- Born: Leroy Leon Pendarvis, Jr. 1945 (age 80–81)
- Occupation: Musician
- Instrument: Keyboards
- Member of: Saturday Night Live Band

= Leon Pendarvis =

American session musician (born 1945)

Leroy Leon Pendarvis, Jr. (born 1945) is an American session musician and keyboardist best known for his association with the Saturday Night Live Band, where he has served as its pianist, organist, Musical Director and Conductor since 1980. He is also a backing vocalist and an occasional guitarist.

==Early life==
The son of a second-grade primary school teacher and a school principal, Pendarvis grew up in North Augusta, South Carolina. His father was a deacon at the church and his mother, in addition to teaching, was also pianist at their church. The young Leon graduated from climbing up on the piano bench to hit the keys to being taught by his mother. He also learned to play trumpet and saxophone. He also was a bass player when he came to New York.

==Personal life==

Pendarvis attended North Carolina Central University where he met and married Emily Norman. They had a daughter, Emile in 1966. After their divorce, he moved to New York and he met and married Janice Gadsden. They married some time after she moved in with her cousin Andrew Gadsden, who was Pendarvis's roommate.

Later, he married former Los Jovenes del Barrio singer Jillian Armsbury, who died in January 2009 from mesothelioma.

He married Josephine Deleon in 2018.

Pendarvis is a board member for the Mesothelioma Applied Research Foundation.

==Career==
Pendarvis played keyboards and provided the backing vocals for Richard Roundtree's 1972 album, The Man from Shaft.
Along with Janice Gadsden, he co-wrote "Sing a Happy Song" for Taj Mahal. He also produced the song which was released in 1978.

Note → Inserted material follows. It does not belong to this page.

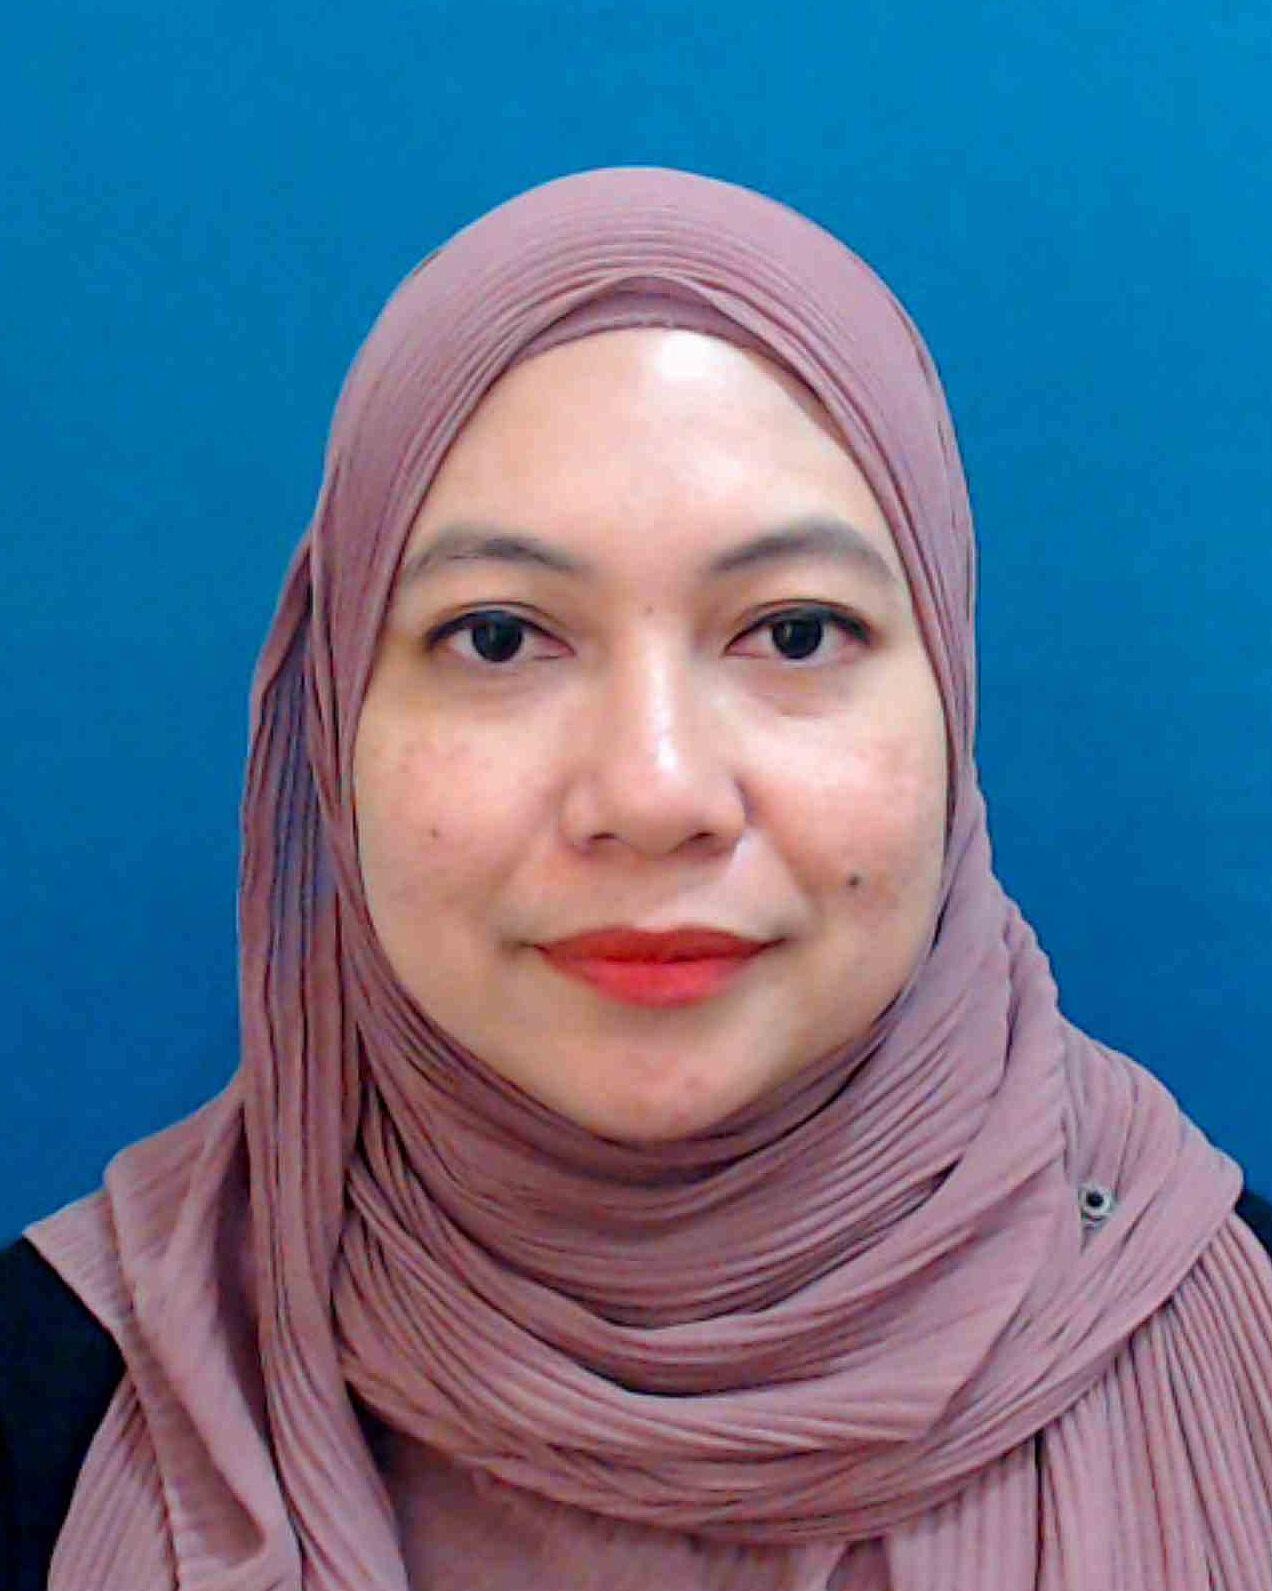 Fatimah Maryam Bt. Ali

He composed, recorded and mixed the original dramatic music for the music video "BAD" by Michael Jackson.

By 2014, Pendarvis has been with the Saturday Night Live Band, playing keyboards for over 40 years and is the longest serving member with the outfit.

Along with guitarist Larry Campbell, and bass virtuoso Pino Palladino, Pendarvis played on the 2018 Bettye LaVette album Things Have Changed, an album of songs by Bob Dylan which was released on Verve Records.

Along with Richard Tee, Pendarvis played keyboards on the Van McCoy & the Soul City Symphony album, Love Is the Answer which was released on Avco Records in 1974. He also played clavinet and piano on their next album Disco Baby, which contained the massive hit in 1975, "The Hustle". He played on McCoy's album The Disco Kid, which was released on Avco Records in 1975.

Artists Pendarvis has worked with over the years include Bonnie Raitt on Streetlights (1974), Van McCoy on Disco Baby (1975), Paul Simon on "Still crazy after all these years" (1975), Barbra Streisand on Songbird (1978), Eric Clapton on August (1986), Don Johnson on Let It Roll (1989), Avril Lavigne on "Keep Holding On" (2006), and many more. He was at one time a member of the group Passion. He is also the musical director and conductor for NBC's Saturday Night Live (SNL) Band, with which he has played since 1980. Since 1986 he has been a member of The Blues Brothers band. He was the husband of singer and chorist Janice Pendarvis (born Janice Gadsden), who sang for Roberta Flack, Sting, Philip Glass, David Bowie, and the Naked Brothers Band.